-- Requirement --
Only the pictures should be dropped; every line of the data must come back exactly as written.

-- Data provided --
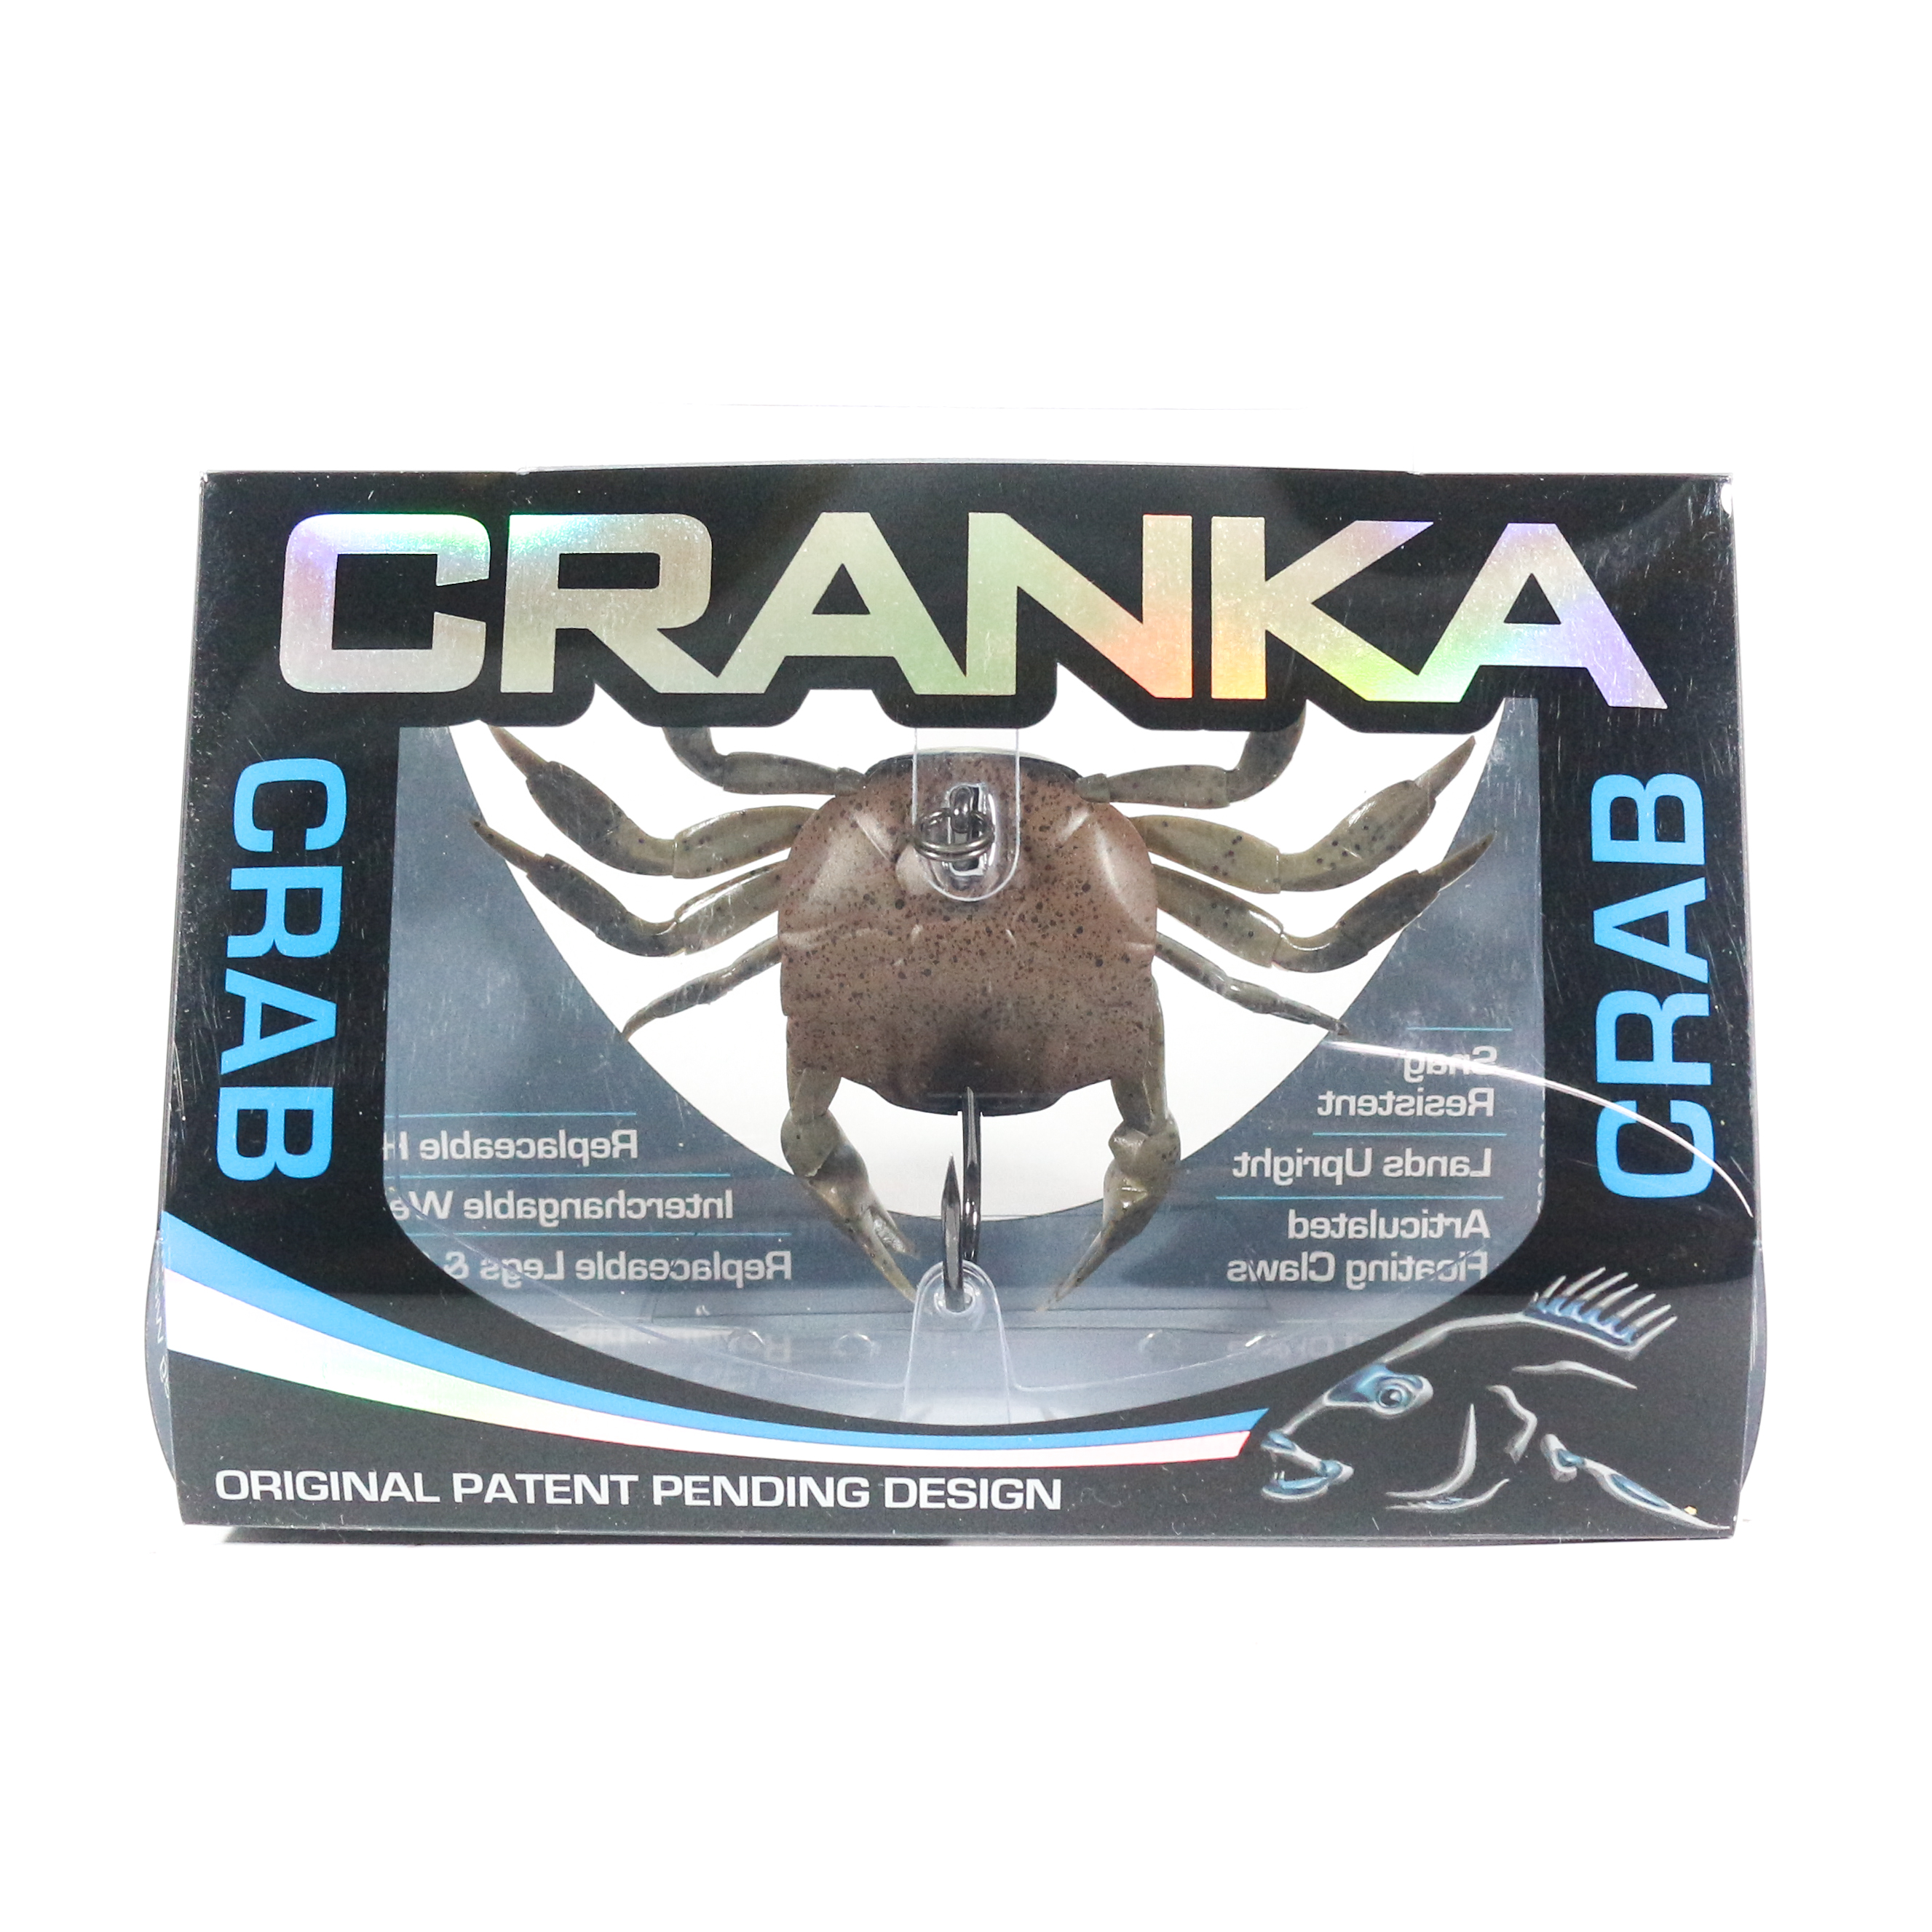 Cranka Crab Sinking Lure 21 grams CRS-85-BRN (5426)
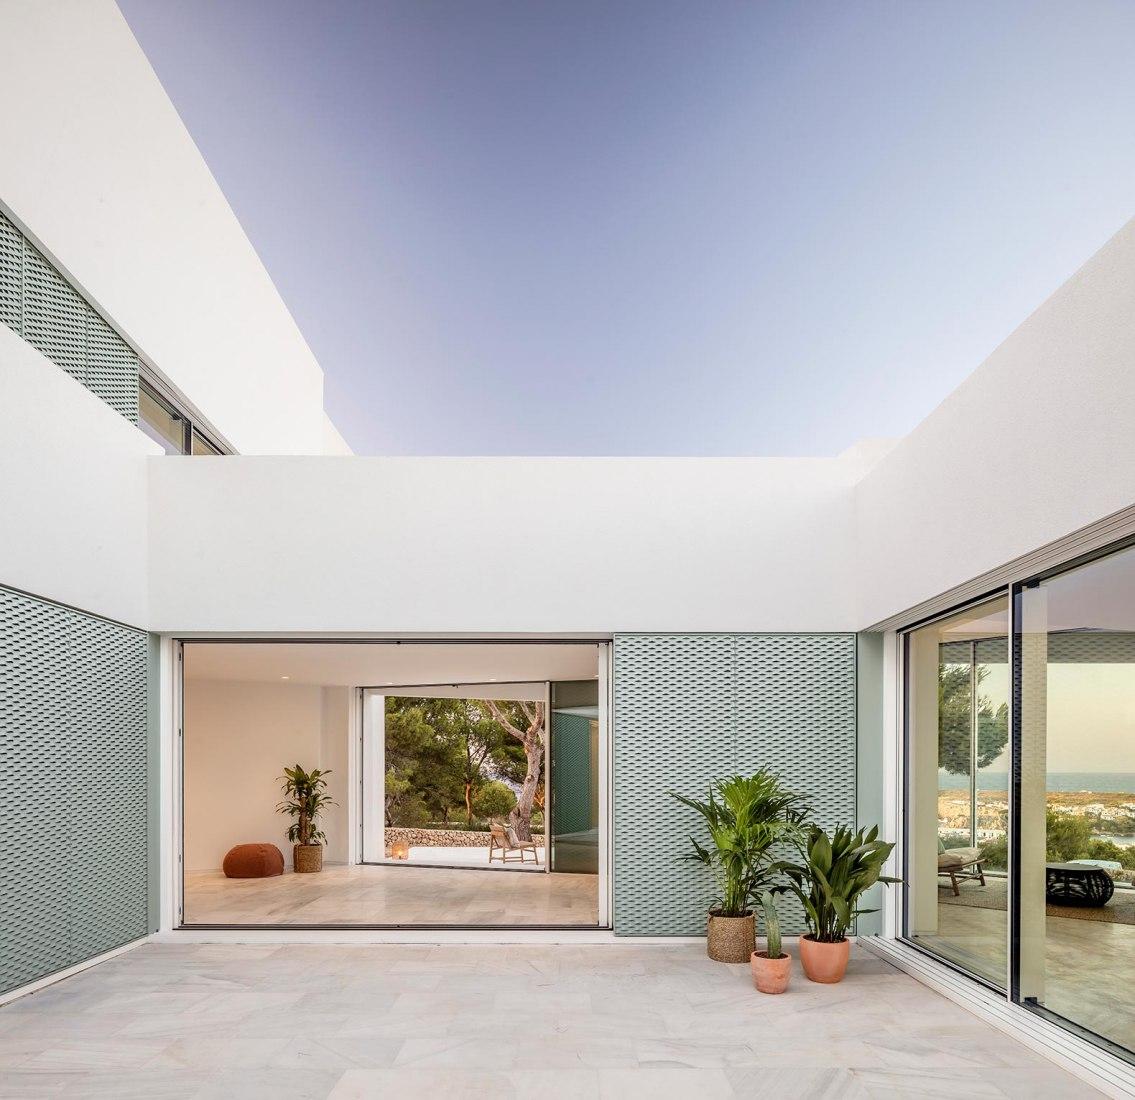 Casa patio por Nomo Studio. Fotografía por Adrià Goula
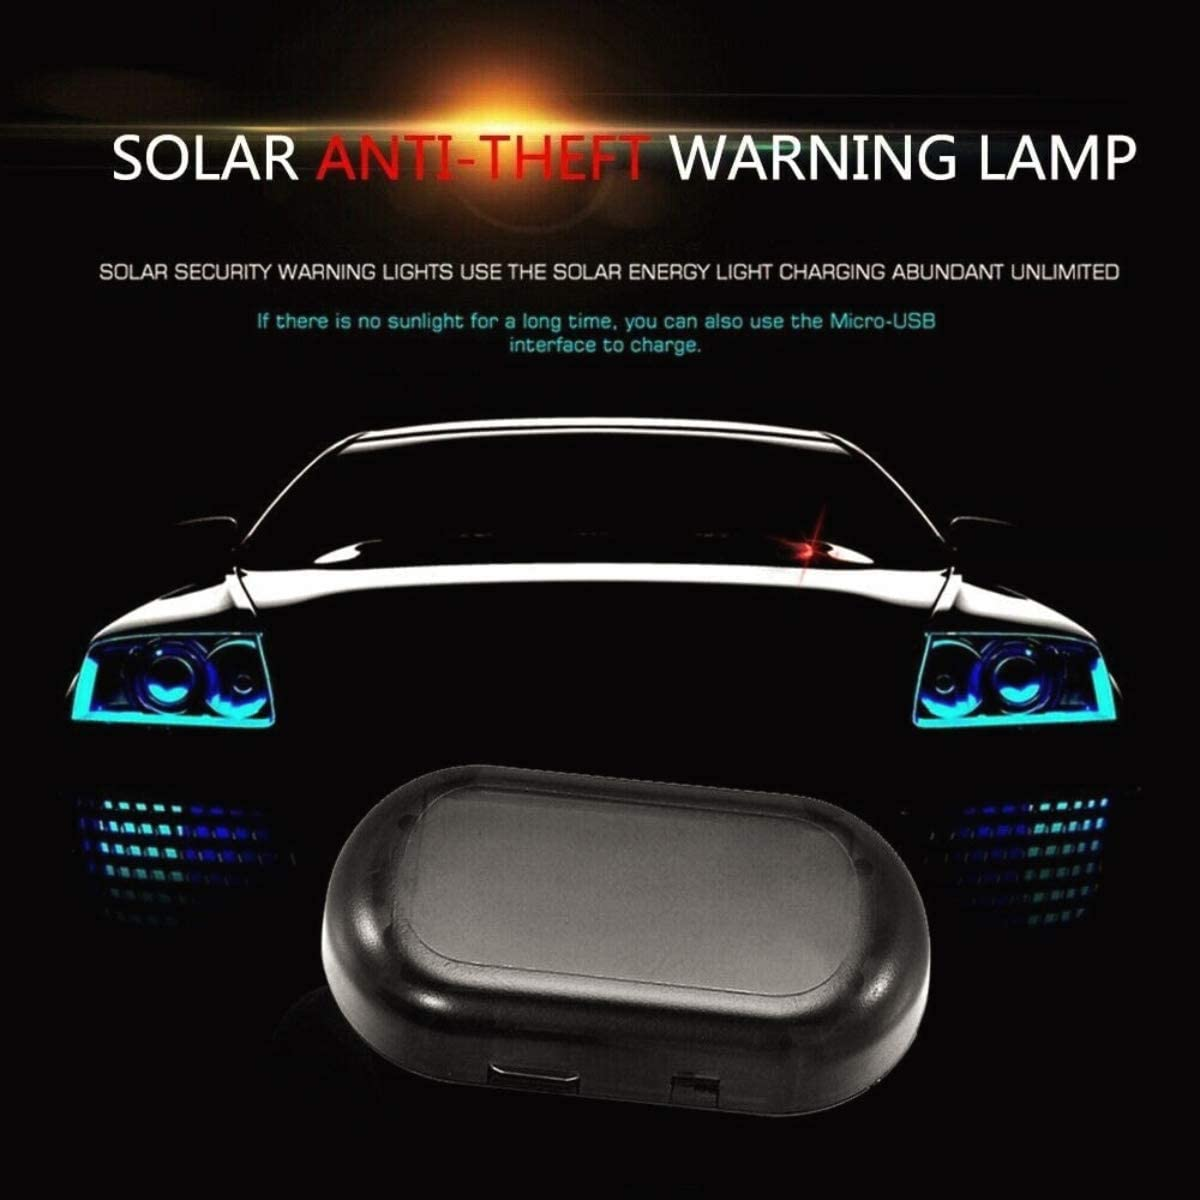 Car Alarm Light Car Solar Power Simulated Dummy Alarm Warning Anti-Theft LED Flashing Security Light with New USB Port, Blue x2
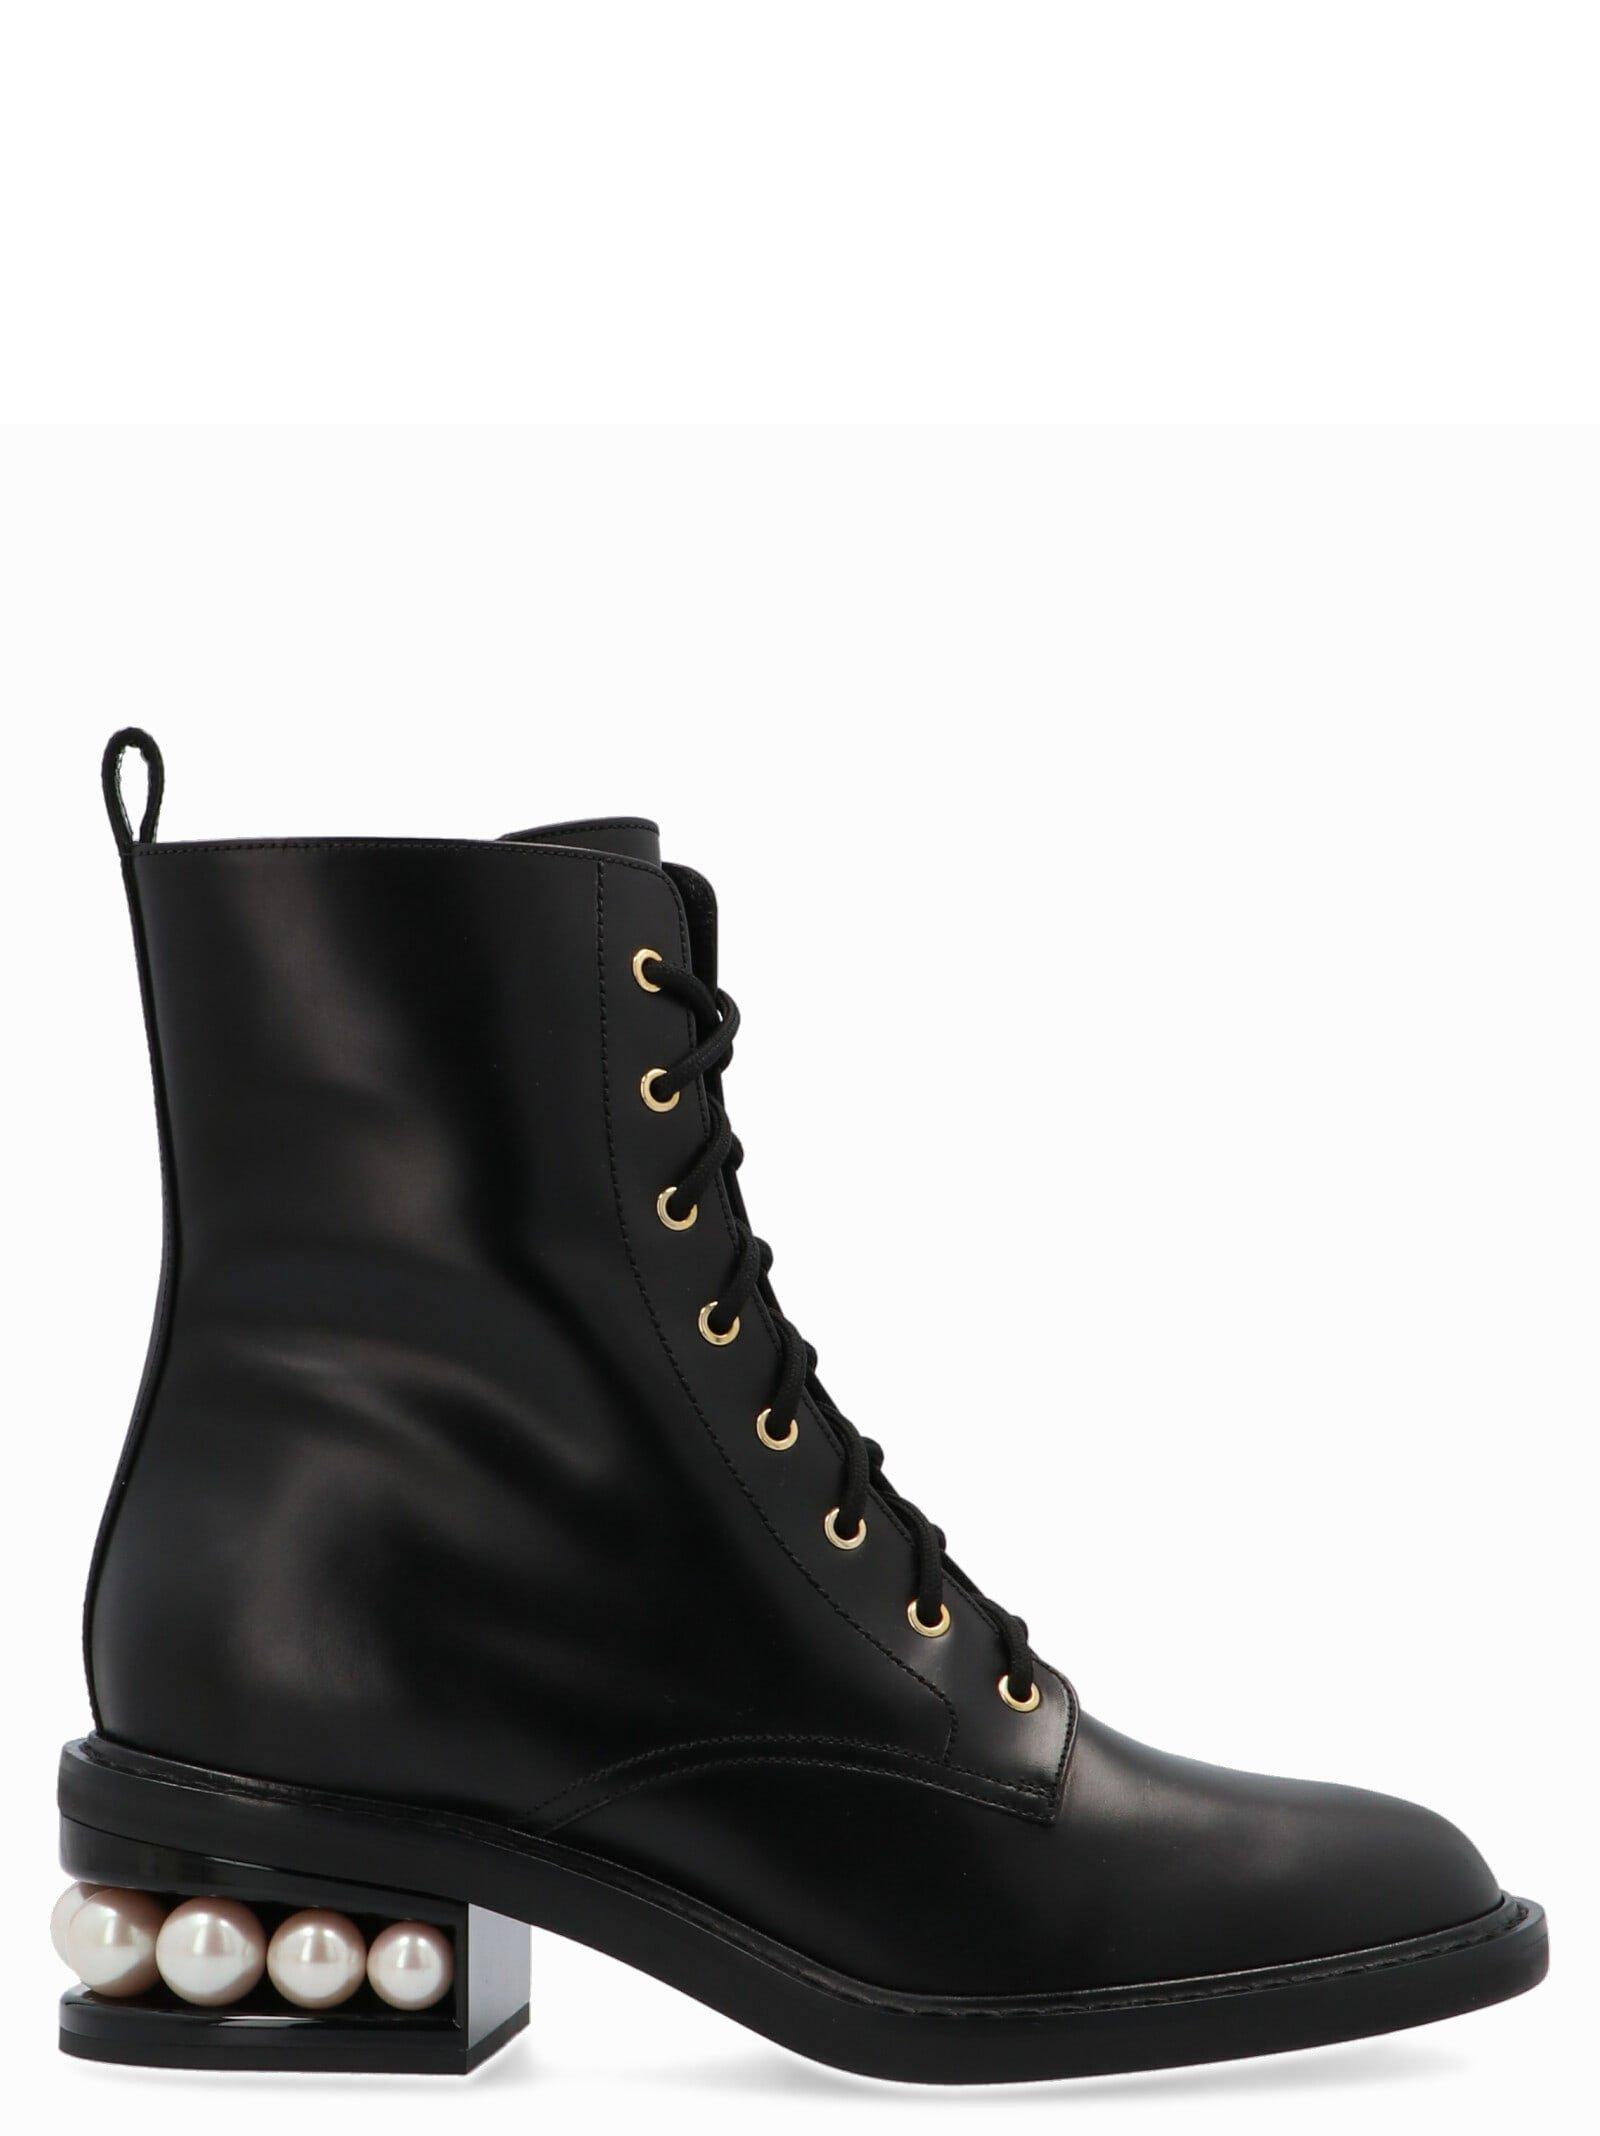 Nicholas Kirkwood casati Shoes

-- Written solution --
 Cranka Crab Sinking Lure 21 grams CRS-85-BRN (5426)
 Casa patio por Nomo Studio. Fotografía por Adrià Goula
 Car Alarm Light Car Solar Power Simulated Dummy Alarm Warning Anti-Theft LED Flashing Security Light with New USB Port, Blue x2
 Nicholas Kirkwood casati Shoes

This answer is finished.